Nevertheless, no one guarantees security for Russians today. “We always lag behind the terrorists,” Vladimir Polyakov told Expert, “We need to be ahead, we need predict next steps of the terrorists.” The analysts from Special Forces are occupied with that, but, Polyakov says, “this subunits do not have any peculiar influence,” since no one “want to prevent threats, which may not happen.”
The logic is quite clear: the authorities have a lot to do. As we all know, the main reaction to the Beslan hostage criis was the President’s appeal for strengthening national unity and organization of effective security system.
And the political result is the appointment of regional leaders.
The question about whether it may low the potential danger of terrorism, according to the opinion of Alexei Malashenko, is not to be discussed. “That was the pretext,” he told Gazeta, “the Chechen war and instability in the North Caucasus are used by strong as a political device, in order to limit the democratic liberties.” As Malashenko underlined, “there is nothing original in it, that happens not only here, we just do it openly and hard.”
A year after the Beslan tragedy, the Levada Center polling agency did a poll aimed at determining how attitude to this event have changed, and what has changed under the newly-revealed circumstances.
Levada Center analyst Leonid Sedov says in Vedomosti that almost a third of respondents believe the commanders of operation made it their priority to kill the terrorists and they did not care about the hostages.
“Probably,” Sedov says, “such opinion would not be so widespread, if not for the experience of the Moscow theater hostage-taking, where hostages were sacrificed as well.”
It is evident, adds Sedov, that “orders to destroy the enemy at the expense of hostages’ lives came from the very up.” Women from the Committee of Beslan Mothers imply this when they name Putin as one of the guilty.
Moreover, says Sedov in Vedomosti, the acknowledgement that the president is to blame, as the initiator of the “guerrillas first, hostages second” tactic, is added to the grievances against Putin expressed straight after the Beslan events. Back then, opinion polls indicated 35% disapproval of the president’s stance: he said there couldn’t be any negotiation at all with the terrorists.
Twenty-seven percent of respondents said that the president should have come to Beslan to negotiate; 19% said the demands of the hostage-takers should have been met.
Even more respondents, however – almost 40% – were displeased that the president hadn’t made a public statement straight after the school was attacked, to explain the situation and set out the position of the national leadership.
Leonid Sedov says: “The president’s secretiveness and silence in national emergencies has already become a bad tradition.” That’s probably why almost 90% of respondents in the same poll believe that the authorities are deliberately suppressing the truth about Beslan.
As leading journalist Dmitri Balburov says in Gazeta, however, even in this situation – with no hope of getting any anwers to all the questions – the “Beslan syndrome” now affliting others as well as Beslan residents can be overcome.
In Balburov’s view, this would require telling people the following: “We live in a country where truth and justice vary in accordance with the personal interests of those in power.
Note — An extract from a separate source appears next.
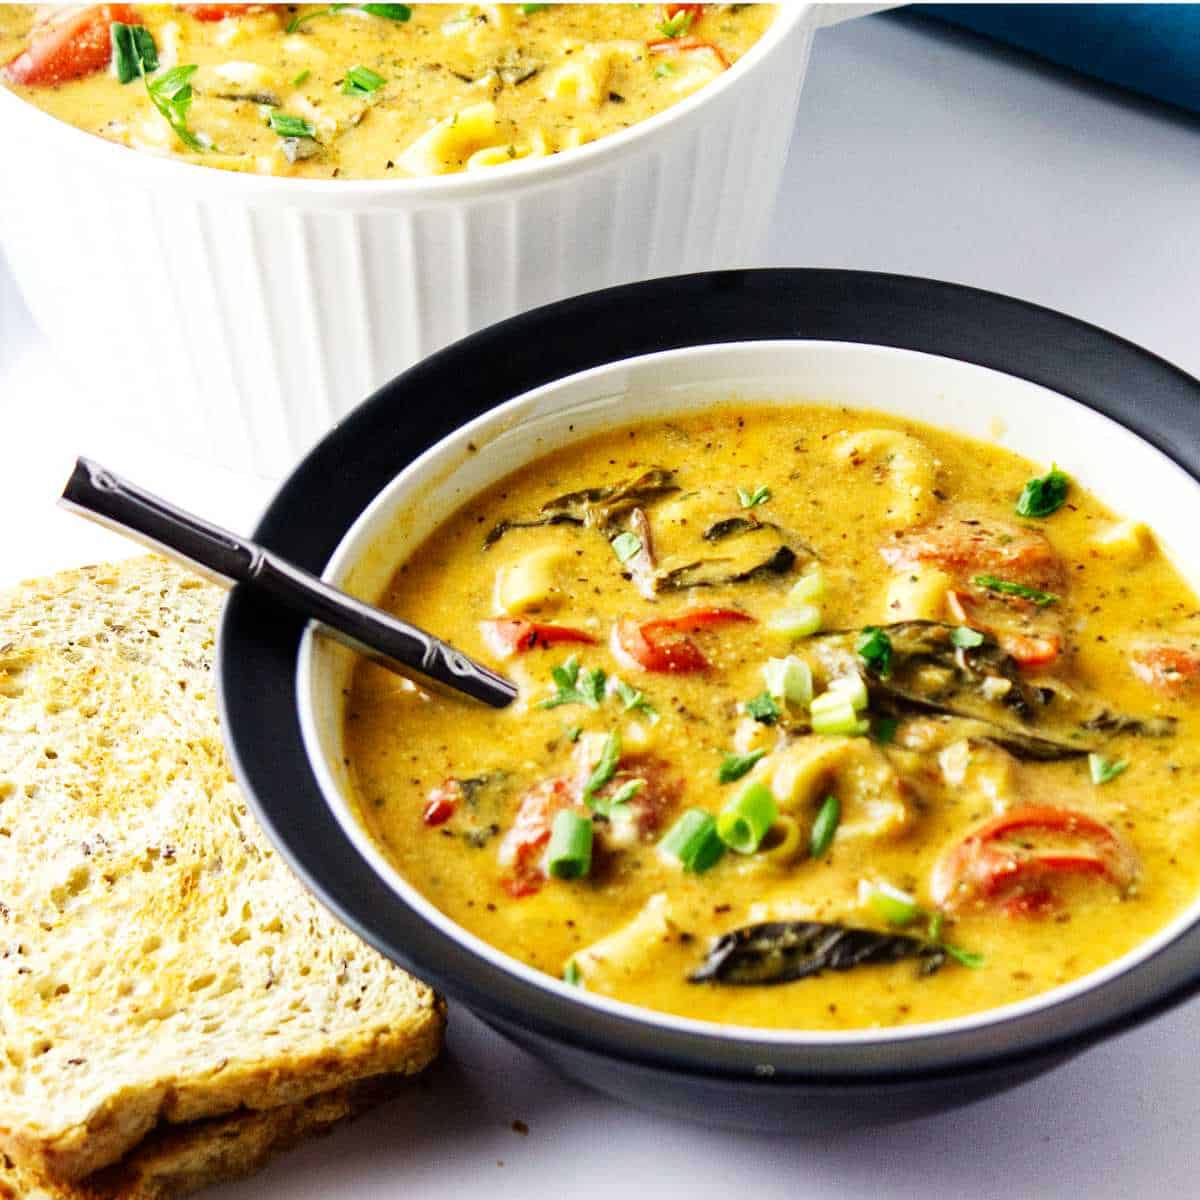 Instant pot tortellini soup in a bowl with toasted bread nearby.

That’s how things are. Don’t bother seeking truth; resign yourselves to the situation, and calm down.” According to Balburov, this realization could provide “support for the emotional rehabilitation” of all victims.
However, it seems the people of Beslan are only prepared to accept the first half of this argument: the part relating to the age-old traditions of the Russian state. They are not inclined to resign themselves to it. According to Echo of Moscow Radio, the mothers of Beslan – having despaired of finding out the truth in their own region – have appealed to Western nations for political asylum. For them, this extreme move could be the last available means of finding out the truth about Beslan.